Sydney - Day 3 - Elizabeth Bay House
Sunday 6 September 2015
11.09.2015
We were not sure about the weather so headed to Elizabeth Bay House as it would make a good indoors activity, and if the weather picked up we could go to the Barangaroo Reserve in the afternoon.
Elizabeth Bay House was built by Alexander Macleay between 1835 and 1837. Macleay was the Colonial Secretary of New South Wales from 1826 to 1837, and in 1827 he was granted 54 acres of waterfront land at Elizabeth Bay by his good friend Governor Darling. Macleay was celebrated for his botanical interests and developed an extensive garden before starting on the building of the house. Macleay eventually succumbed to financial difficulties made worse by a depression that hit the Colony in the 1840s. The house was never completed to the original design, a Doric colonnade intended for the terrace surrounding the house was never built.

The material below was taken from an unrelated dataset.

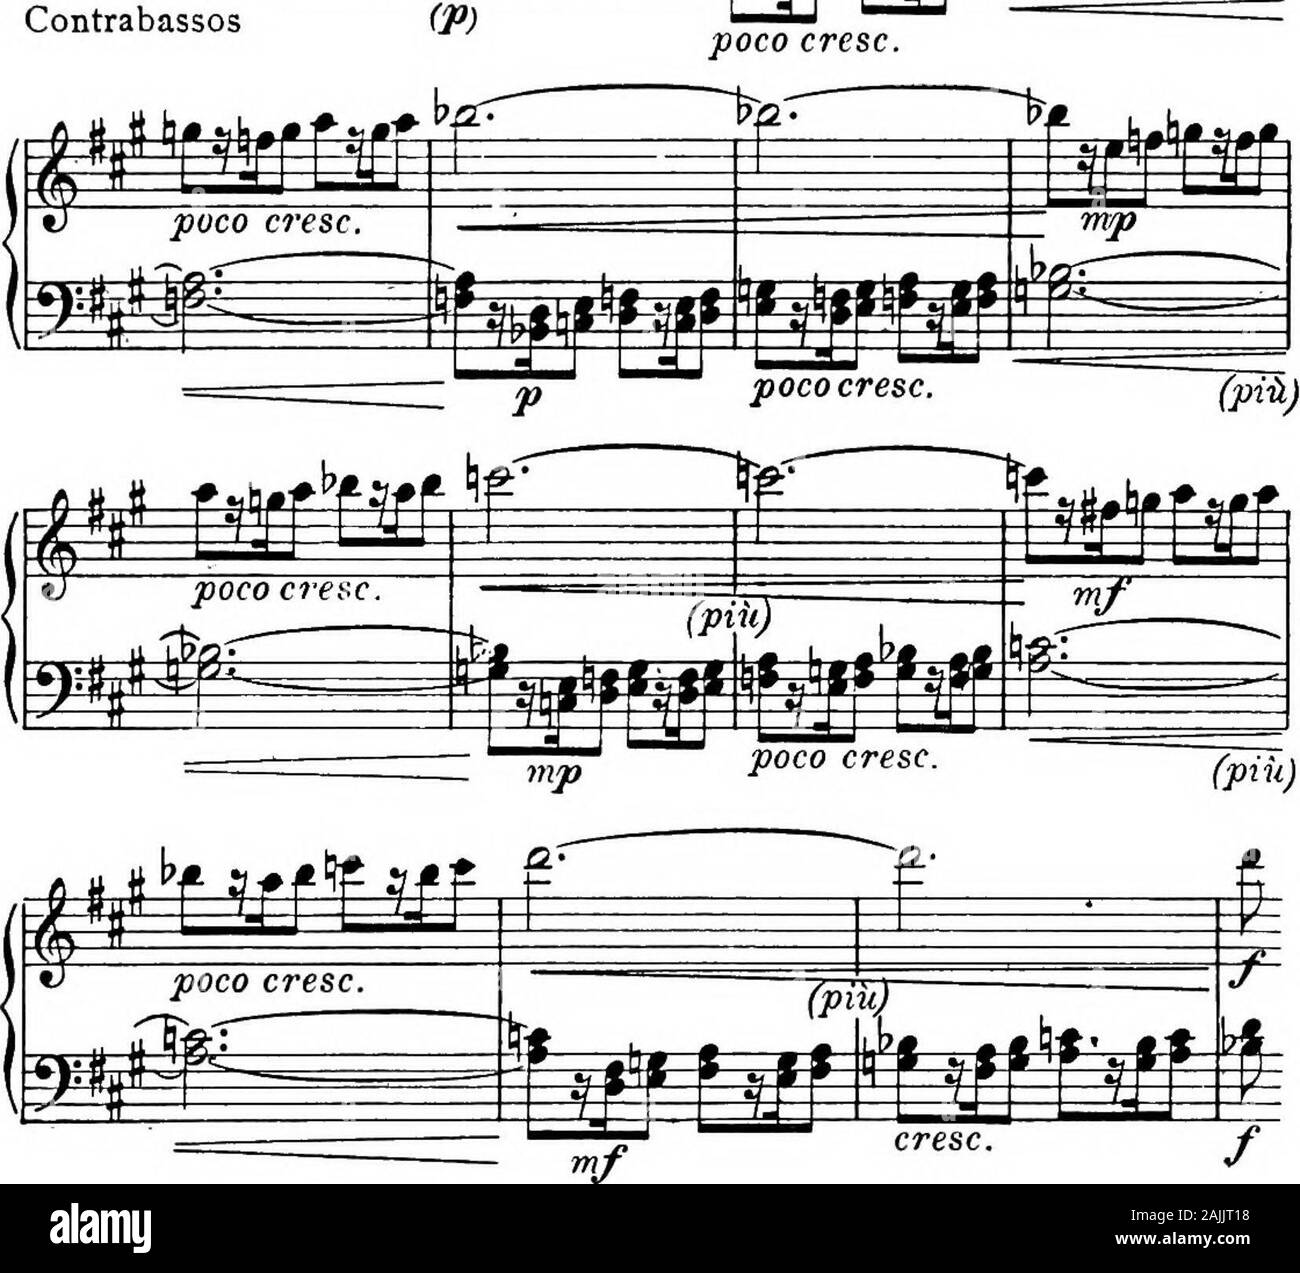 Sulle prestazioni delle sinfonie di Beethoven . esides questo, entrambe le corna e legno-vento potrebbe essere doubledin le quattro barre in discussione (pagina 16, le barre 14 e 15e pagina 17, le barre 2 e 3). Vorrei consigliare il doublingof il legno-vento (se è possibile per il passaggio whichshortly segue. I m. Fii=t^ !Jf-H 7a I F^te=1 "/ "/ sf Pagina 18, bar 10 a pagina 19, bar 8. Ho succeededin ottenendo un ottimo effetto in questo potente gradationby distribuendo la sostenuta crescendo di corna in sucha modo tra le corde degli strumenti-, che il volume ofsound nelle note sostenute sono aumentate in un Foto Stock

The house eventually passed to Alexander's eldest son, William Sharp Macleay, who took over his fathers debts, and William moved into the house in 1845. At this time much of the original furniture was sold and ended up in the NSW Governor's Residence. Three generations of the Macleay family lived in the house until 1903, and the house has variously been an artist's squat, a fashionable reception venue, and was divided into flats in 1941. The house was taken over by the NSW Historic House Trust, restored and opened as a museum in 1977, and is furnished in the same style as the Macleay period. Over the same period of time the 54 acre plot was subdivided on several occasions and is now a small suburban plot barely any larger than the house on which it stands.
Alexander Macleay, the builder of Elizabeth Bay House.
The Library at Elizabeth Bay House.
Di, Jan and Andy with our guide in the Saloon stairwell.
Curved doorways off the oval saloon.
Clark Island from the front of the house.
The Cask cellar under the house.
The bottle cellar under the house.
The front of Elizabeth Bay House.
I think that Andy is planning the next move.
Clarke Island from the front steps.
The public garden in front of Elizabeth Bay House.